Problem description:
Word for word, repeat the entries, minus the pictures.

------------------------------------------------------------------------

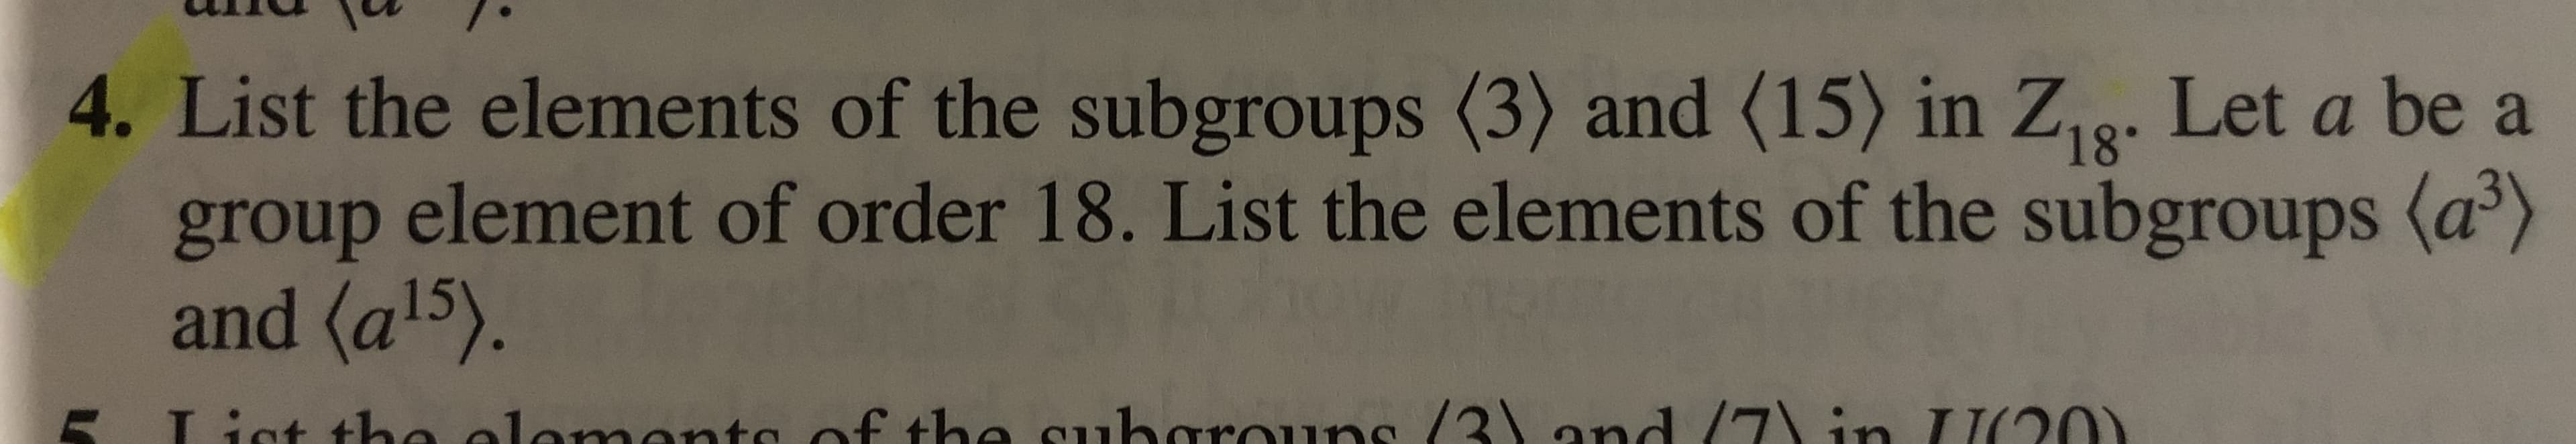 4. List the elements of the subgroups (3) and (15) in Z18. Let a be a
group element of order 18. List the elements of the subgroups (a)
and (a15).
Lict tha alamanto
e /21 and /7in I20
af the charaun

------------------------------------------------------------------------

Expected answer:
 4. List the elements of the subgroups (3) and (15) in Z18. Let a be a
group element of order 18. List the elements of the subgroups (a)
and (a15).
Lict tha alamanto
e /21 and /7in I20
af the charaun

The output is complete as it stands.